Ahh…February. Reds and pinks and cupids attacking from every direction, causing sensory overload; must mean Valentine’s Day is just around the corner.
So what’s better than a heart shaped mound of fragrant, parsley-garnished jasmine rice on your plate? That delicious red-hot lava like pot of red curry sitting right in front of you. Duh.
Who happens to be sharing their love with us this time? None other than Thai Nakorn (http://www.thainakorndavis.com/), a little restaurant attached to Regal Cinema in Davis, Calif. Just screams “date night!” doesn’t it? (Fellas, this would be the ‘dropping hints’ portion of this article).
Now, let’s discuss the deliciousness that is this curry. The red variety tends to be higher up on the spice chart, so if you are faint of heart, a better option would be to go with the green or yellow curry or the pa-nang varieties, which happen to be much milder in flavor. Now, if you’re not afraid to take a trip to flavor town, then we’re about to have a serious foodie discussion.
Heat punch aside, the red curry at Thai Nakorn is the perfect balance of the three S’s: sweet, savory and spicy. The ground chili paste packs a wallop that doesn’t hit you until it judo chops the back of your throat, adding a certain indiscernible textural grittiness to the dish that is almost completely masked by the smooth mouth-coating creaminess of the coconut milk.

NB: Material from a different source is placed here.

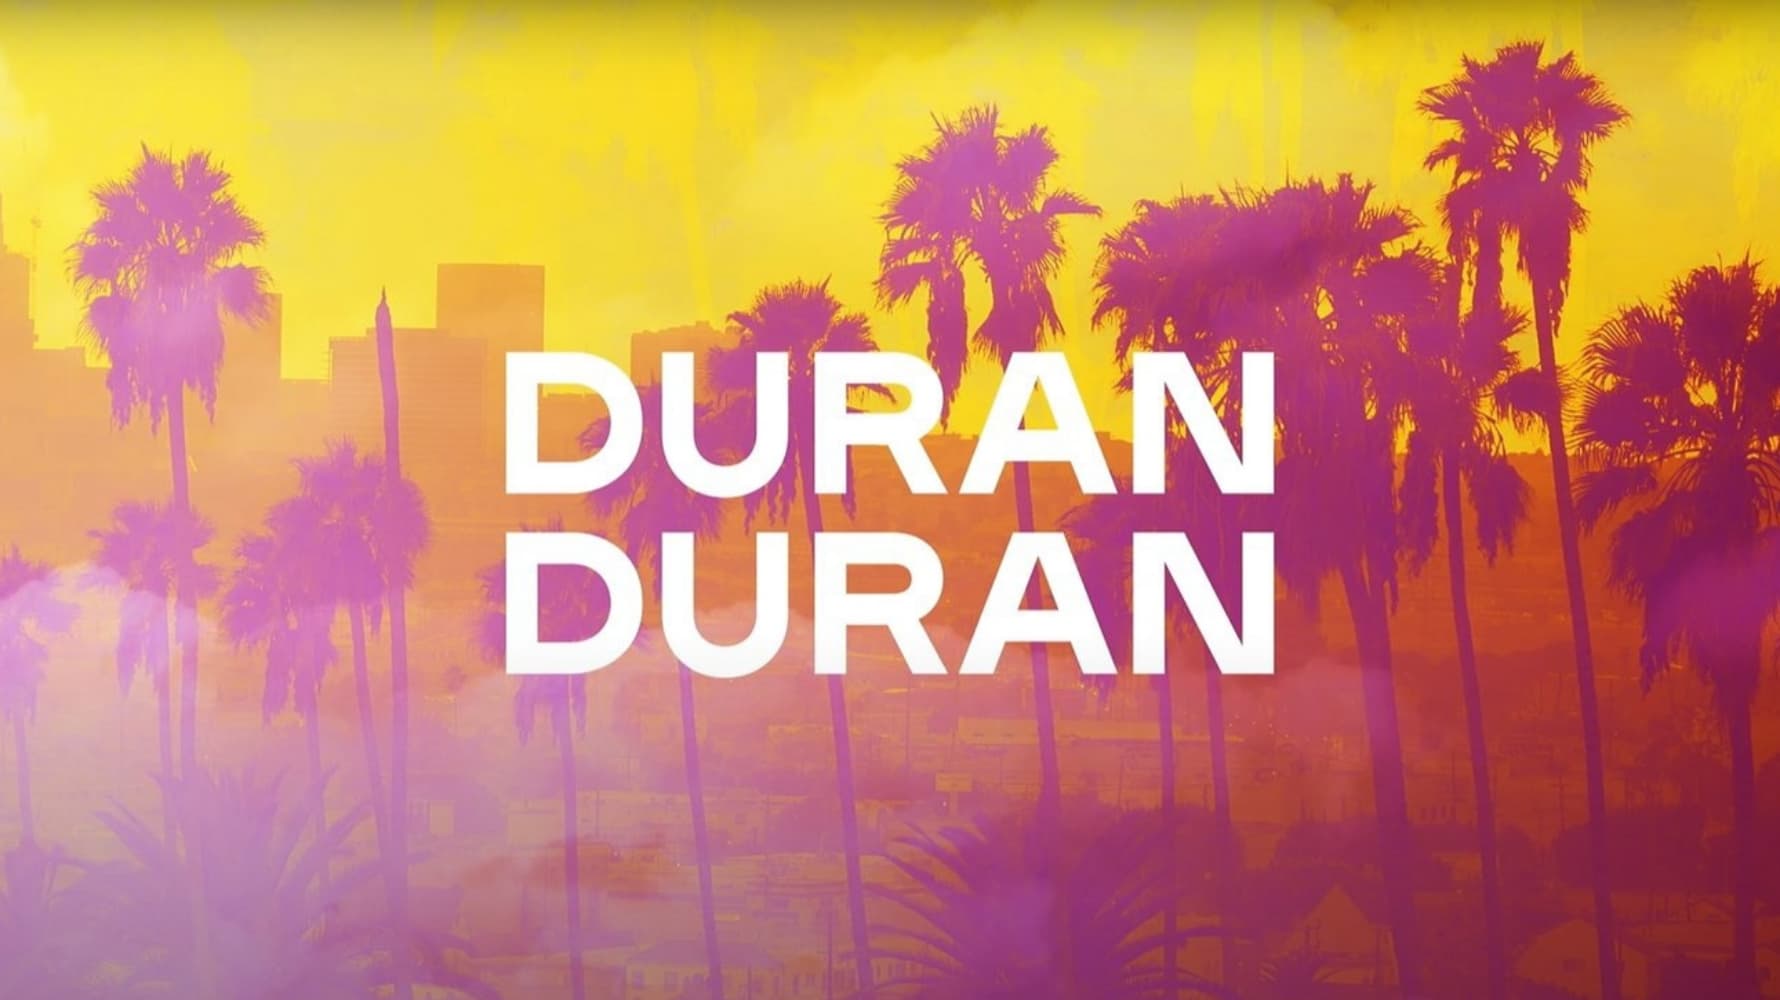 Duran Duran: A Hollywood High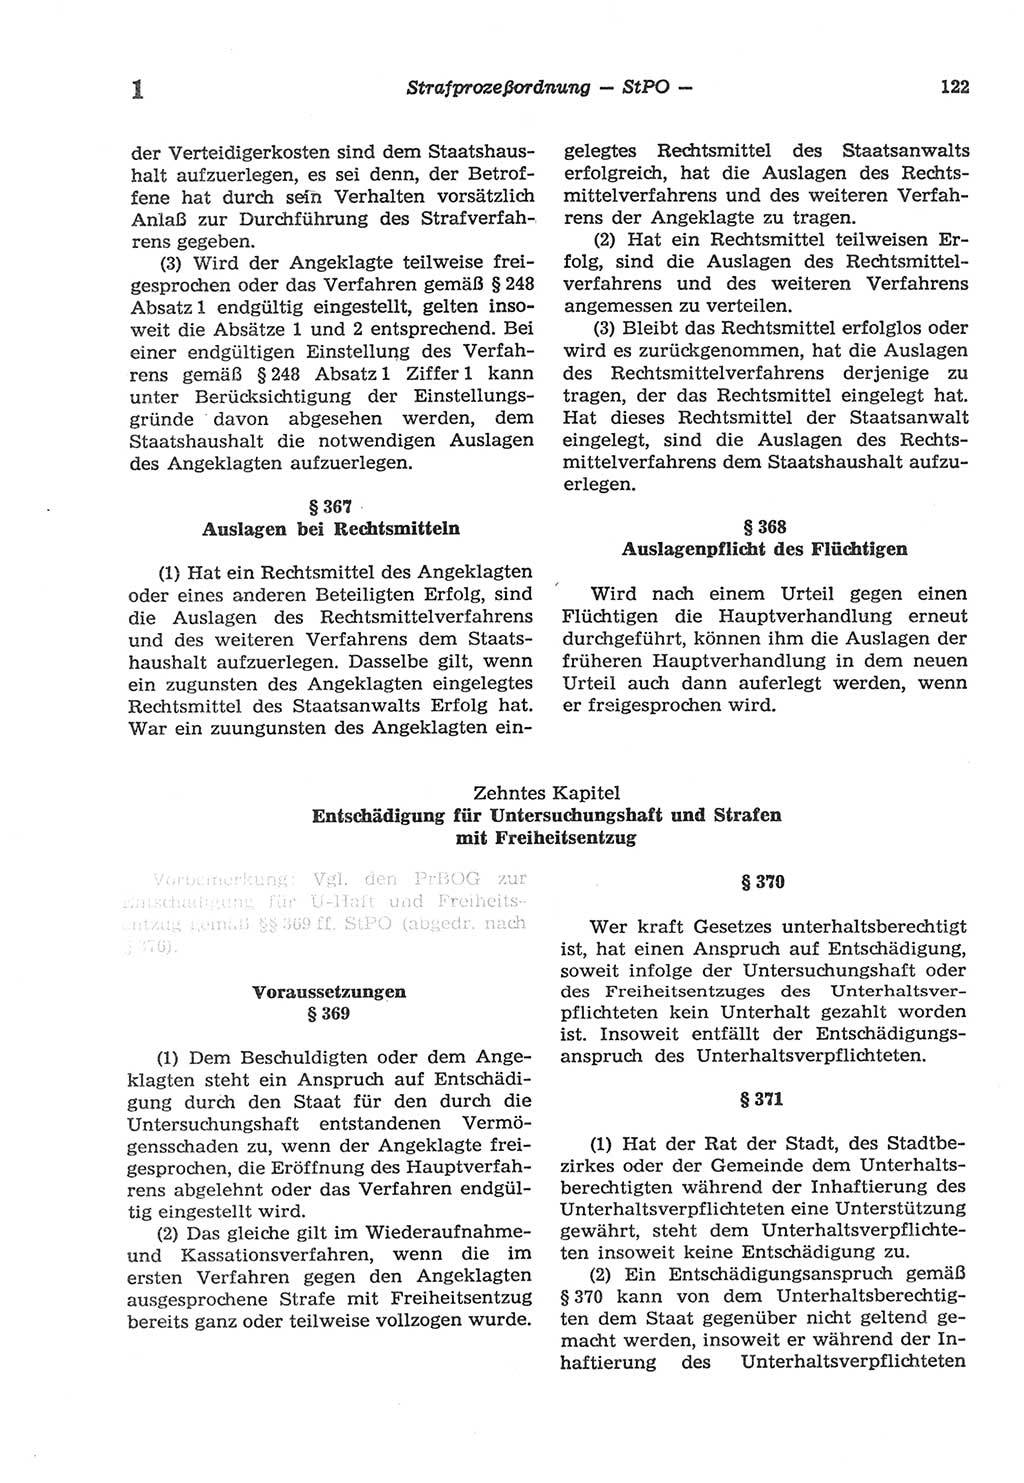 Strafprozeßordnung (StPO) der Deutschen Demokratischen Republik (DDR) sowie angrenzende Gesetze und Bestimmungen 1977, Seite 122 (StPO DDR Ges. Best. 1977, S. 122)

One of the great cooking mediums, coconut milk is a staple in Thai cuisine. It carries any amalgamation of flavors well, not overpowering them and not being overpowered by them all at the same time.
In the case of our red pot of love, the coconut milk marries so perfectly with the Thai basil, another essential element in curry dishes, bringing out its sweetness and counterbalancing it perfectly with the ground chili paste.
The savory element makes its grand entrance through the other ingredients floating luxriously around the bowl: the crunchy julienned bamboo shoots, the tender peas (though those added a certain sweetness of their own) and the chicken, which absorbes every last bit of the creamy spicy coconut milk, becoming a flavor bomb in and of itself.
Not to fear, vegetarian friends! Tofu is always an option, be it steamed or fried, and acts much like the chicken in that it also absorbs all the flavors of the coconut milk.
Now, the proper way to eat is to pour some of the curry over the heart-shaped rice on your plate and consume accordingly, and wash it all down with a delectably caffeinated Thai iced tea. If you have left over broth, go ahead and eat it with the spoon provided, assuming you’re not afraid to take the heat head on.
Though, diving straight into the red hot pot of love does seem like a much better idea.